El libro de cuentos de la escritora estadounidense Deborah Eisenberg (que también es actriz) trabaja de modo conceptual a lo largo de todas sus historias explorando el desfasaje que separa irremediablemente las palabras de los hechos. Para esto se vale de varias voces que construyen cada cuento como una suerte de prisma de varias caras irregulares que delinean el objeto complejo que narran. Trabaja el lenguaje con la premisa wittgensteiniana de que no todo puede ser dicho y se propone realizar un nuevo juego del lenguaje alejando los cuentos del formato tradicional. Libro increíble, no se lo pierdan.

Helen

April 20, 2020

Some really moving stories in this collection - a wee bit of of Mary Robison flavour but maximalised? I liked the passage of time.

Debasmita

July 24, 2021

I don't know what to make of this book to review it. But I absolutely loved it. It's definitely an excellently written book and Eisenberg is the kind of author who has a strongly independent and characteristic voice. But sometimes (a lot, actually) it crosses over to the difficult territory.The stories, especially if you're just beginning to read them, can feel arduous and make little sense. But once you settle in, you see the rhyme and rhythm of the book and the shorts start to grow on you. The stories don't rely on a last page twist or some big grand moral lesson, but give a beautiful insight about how humans are, and can perceive other humans to be. The stories are about a lot of things and it's on the viewer to decide what we want them to be. There is one about a lonely artist caught in high society, one about a dead Hollywood star's memories being revisited by her daughter, and one that could qualify as a classic coming-of-age.

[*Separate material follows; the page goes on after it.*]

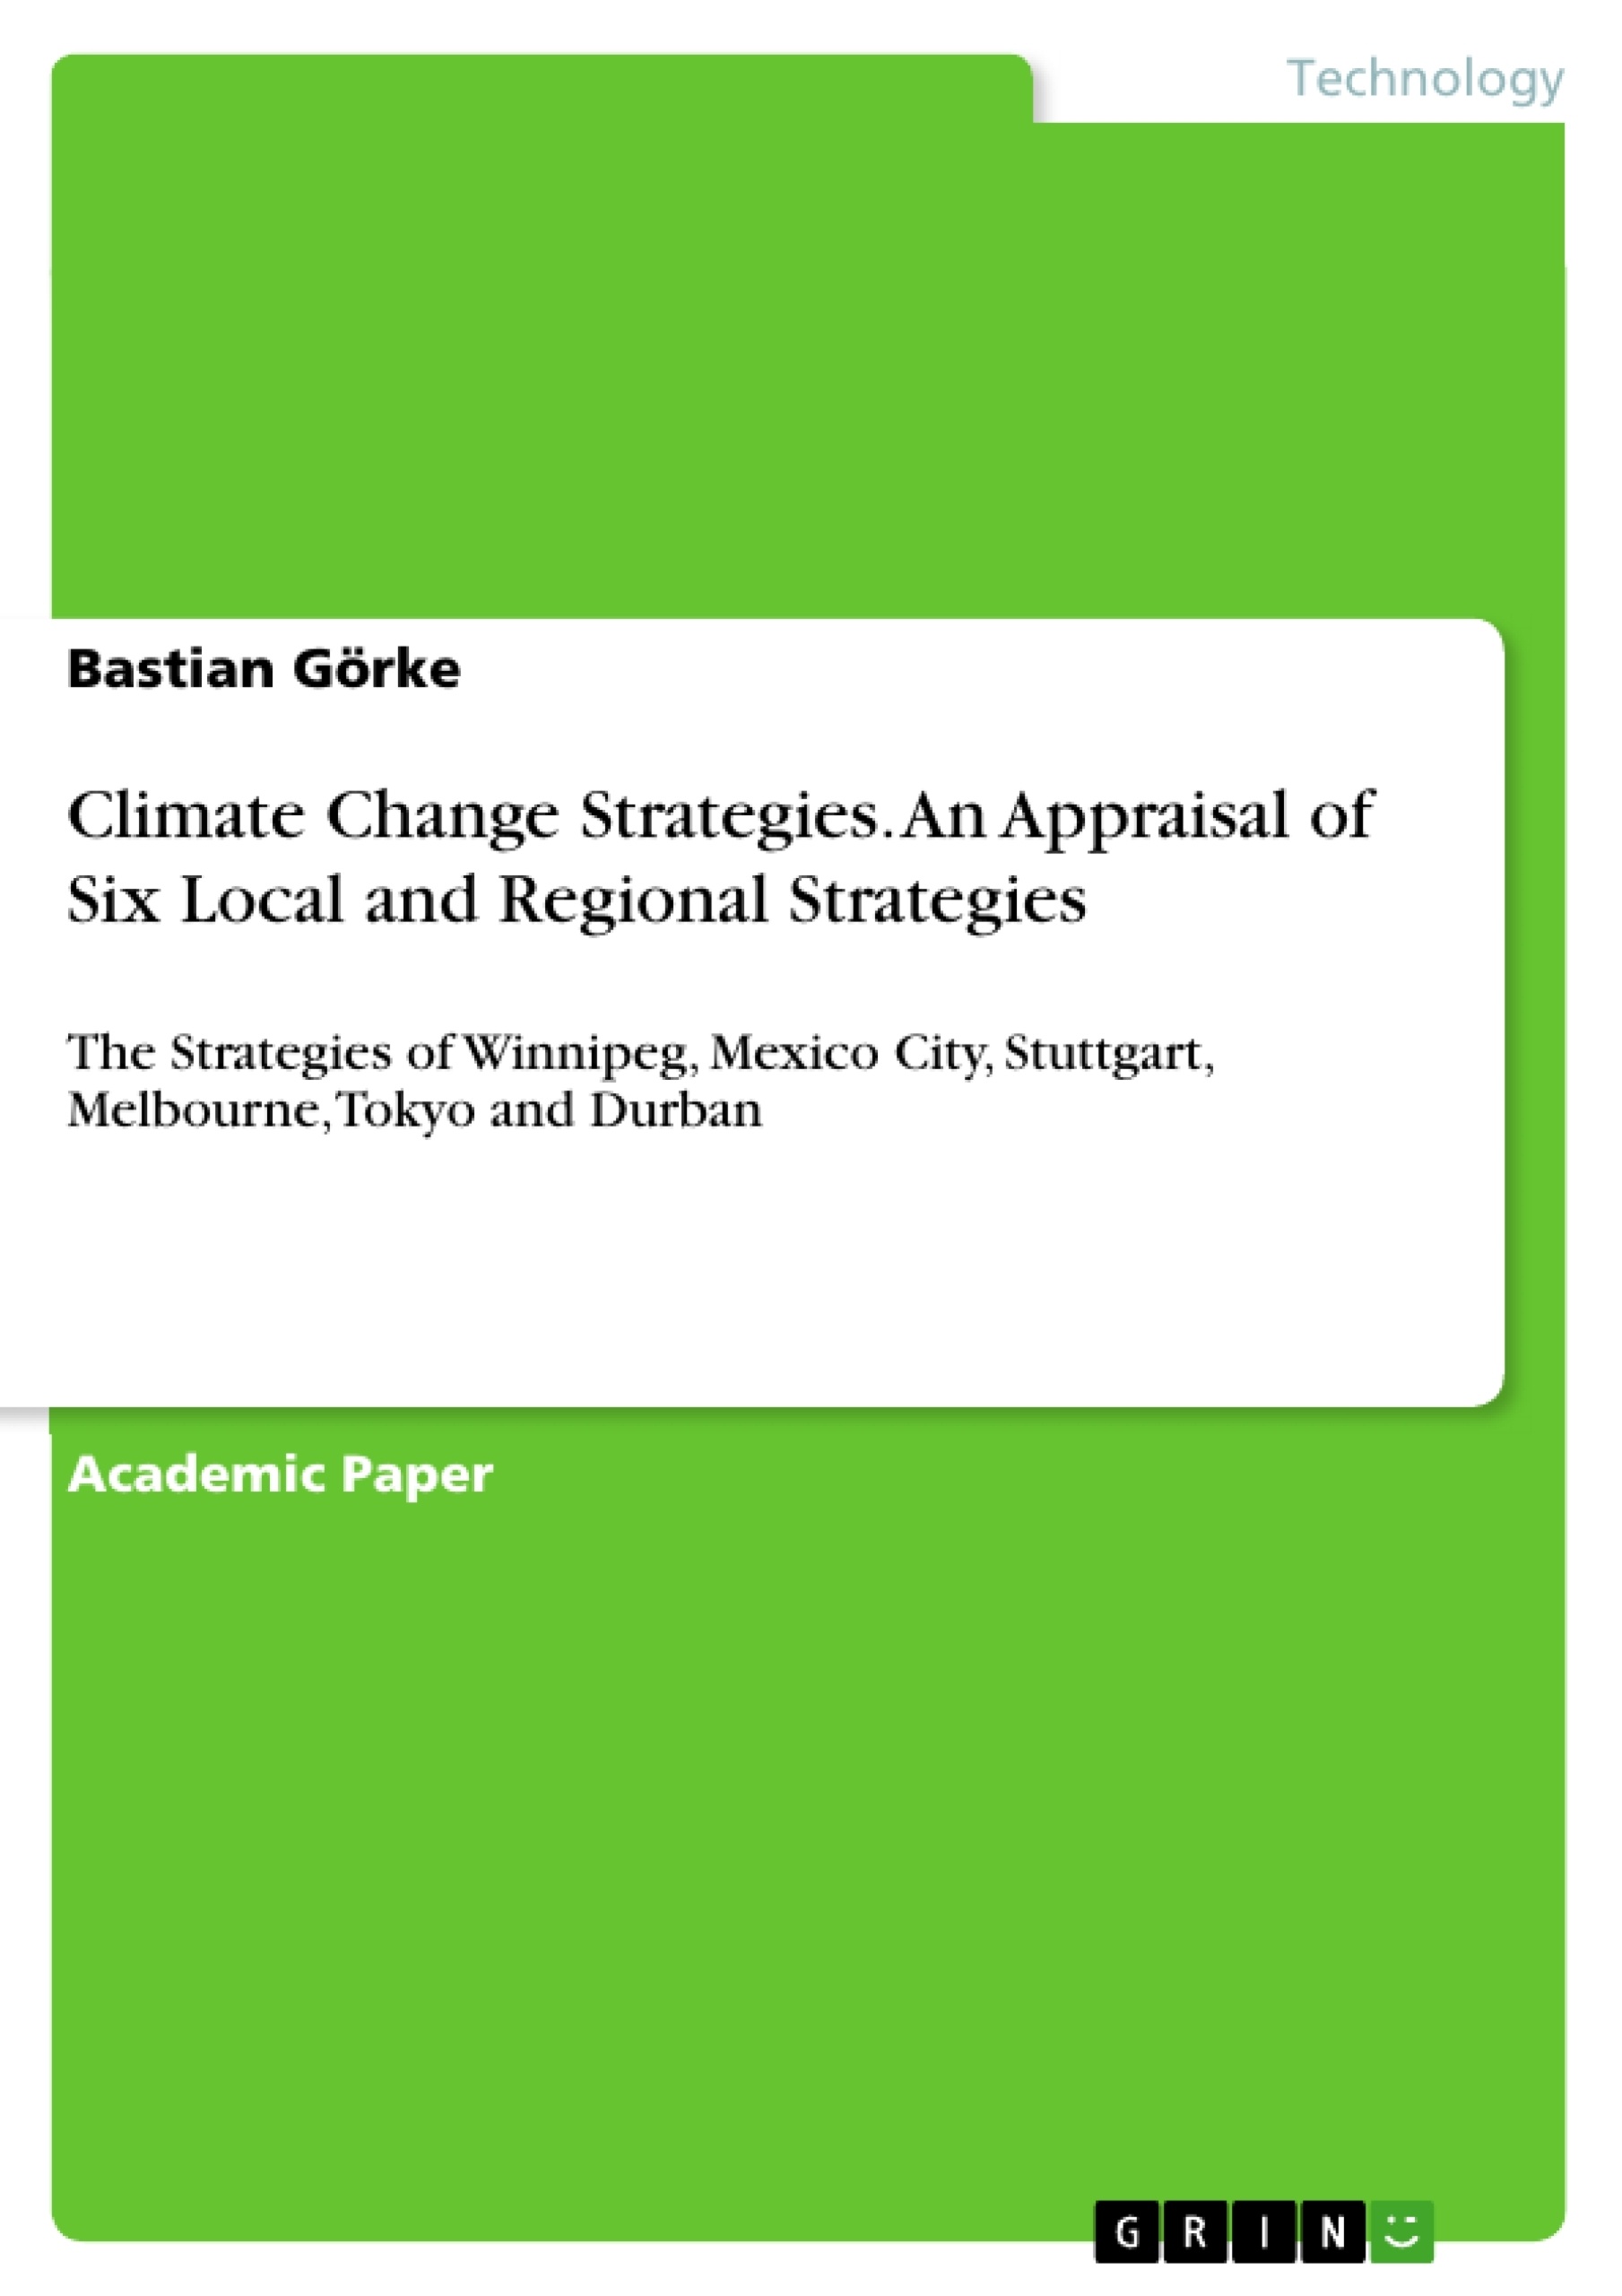 Title: Climate Change Strategies. An Appraisal of Six Local and Regional Strategies
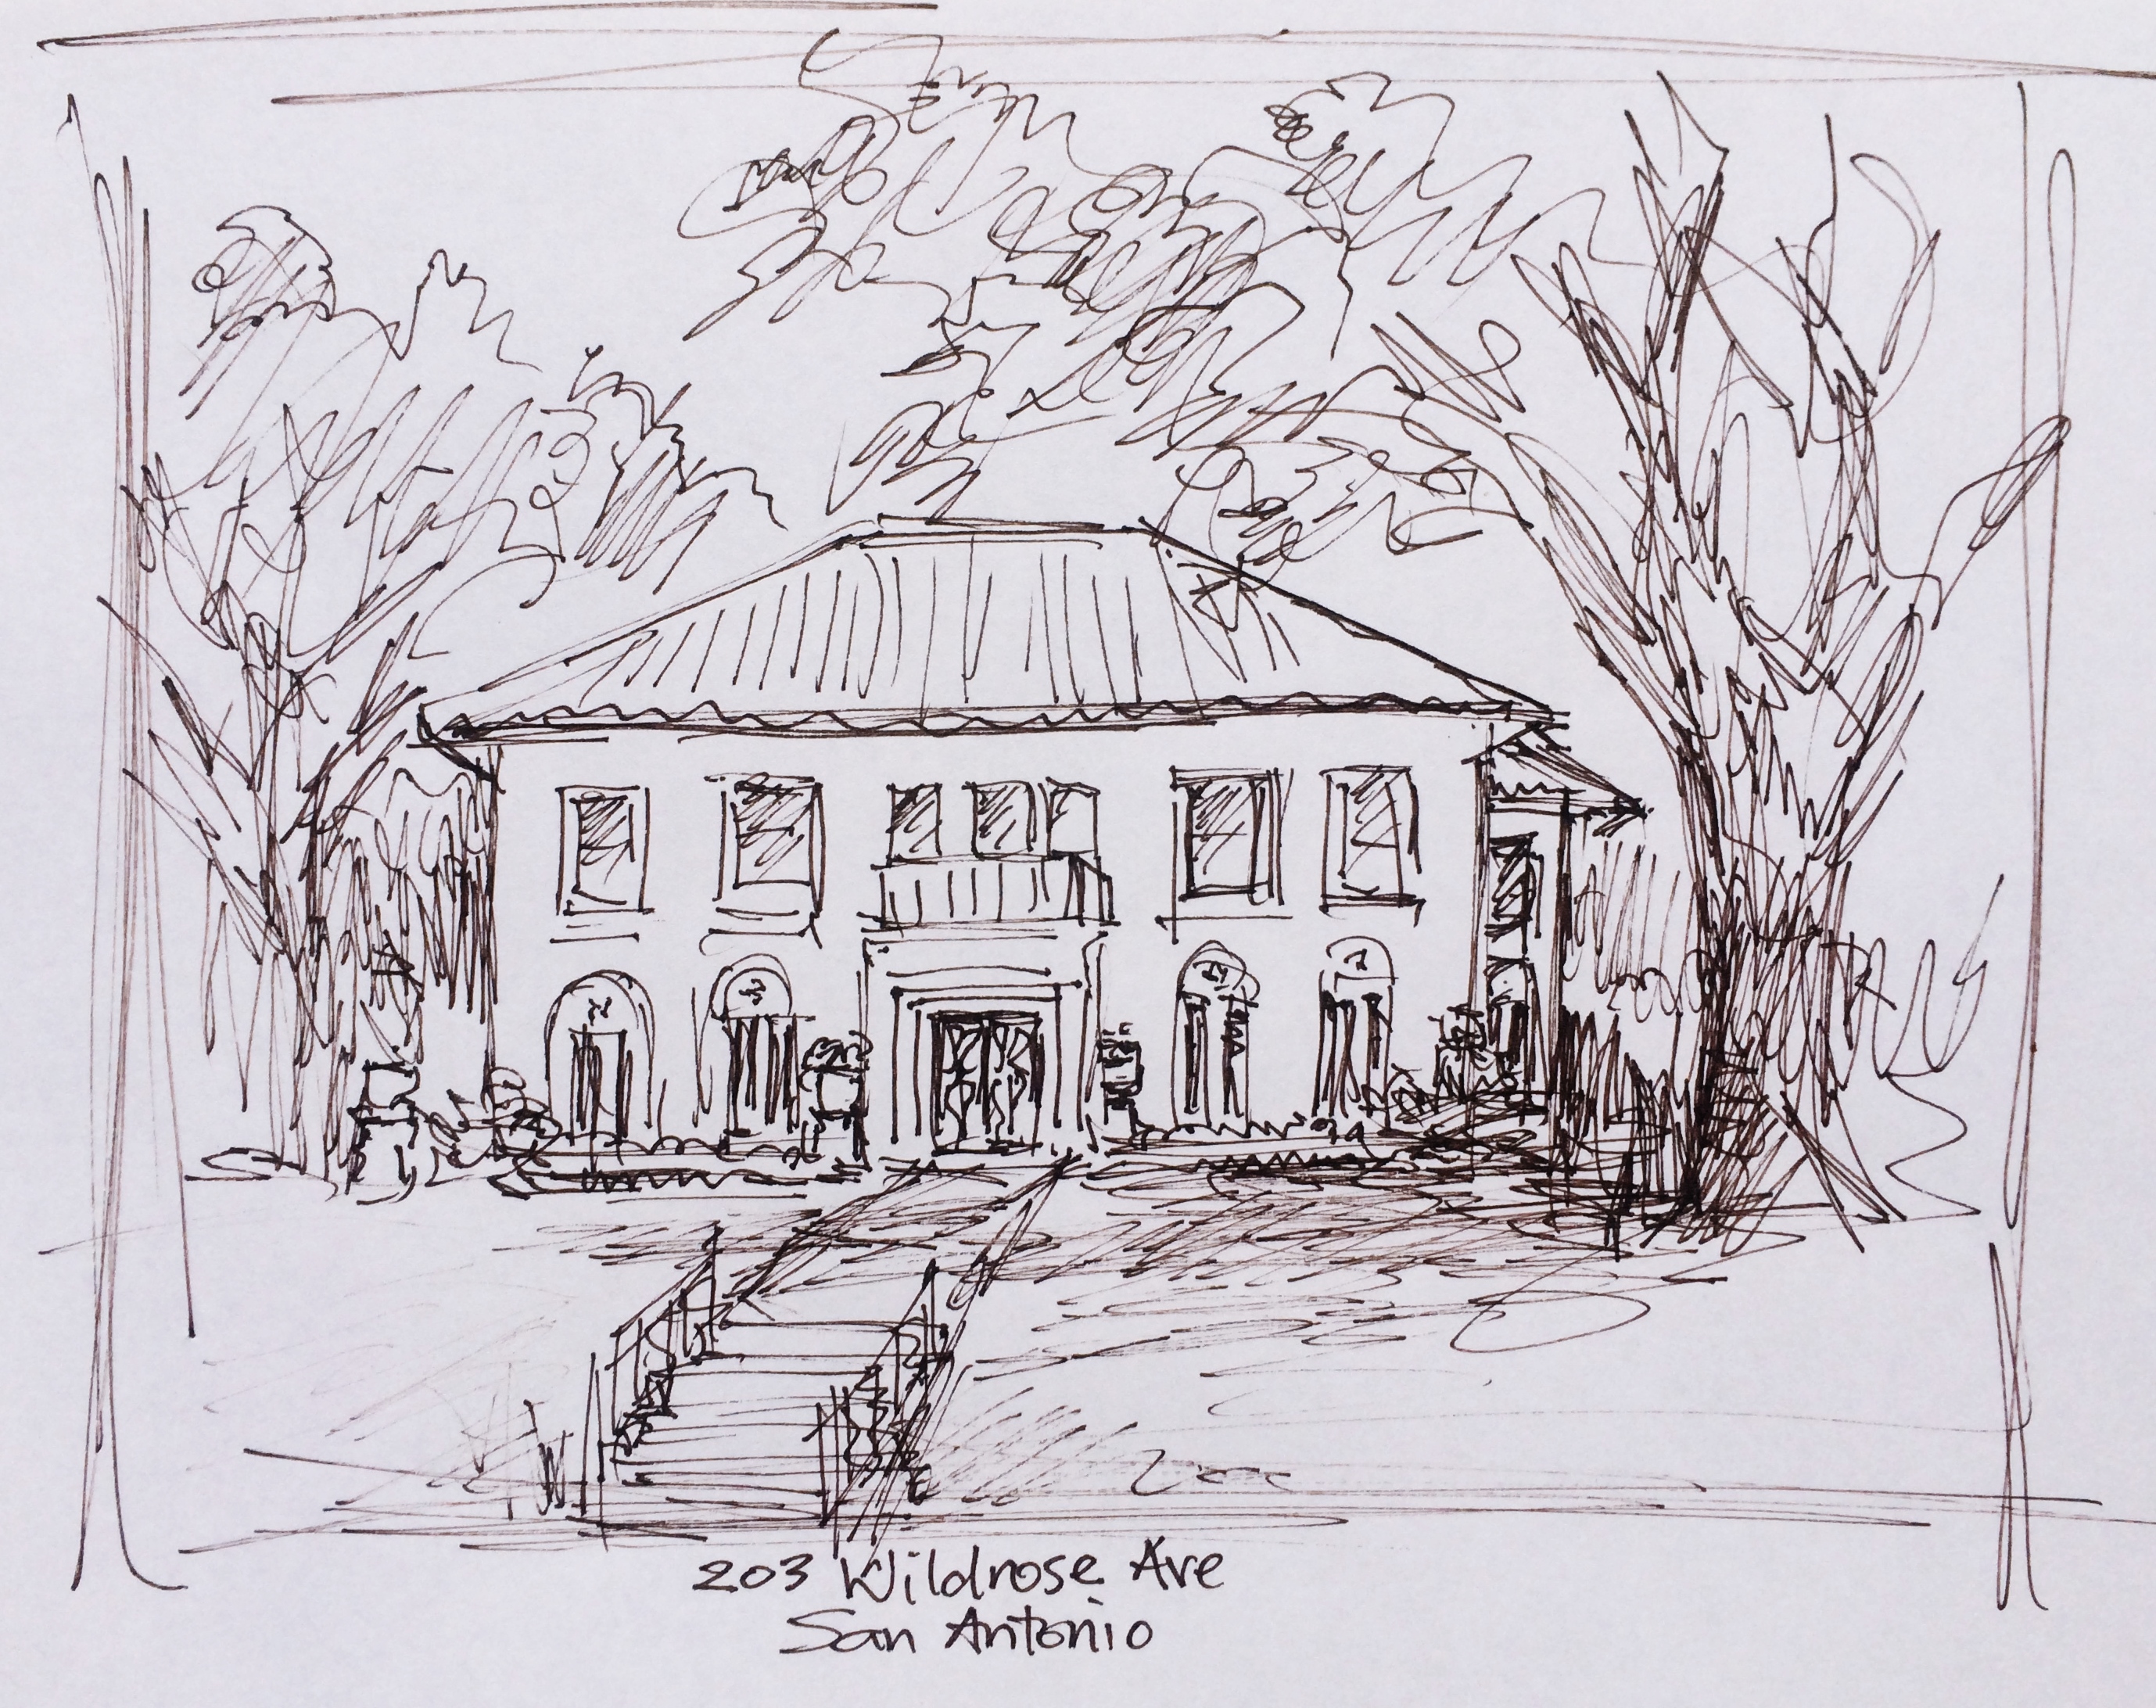 Rough preliminary sketch of home on Wildrose Ave, San Antonio by Leisa Collins

In fact, the entire book could pass off as coming-of-age.E.g., one story, The Third Tower, explores a young girl with hyperassociative disorder. She is bursting with words, imagination, her mind often skipping several steps in the thought process. Her well-meaning but glory-hunting doctor may go by the book, try to make her 'regular' and like everyone else. But the gentle exploration of what the doctor sees as an issue and what the girl sees as a hyperactive imagination, is how the author gives the book its form.Tl;dr - I loved it. It's a difficult read, but I adore an author with a distinct voice.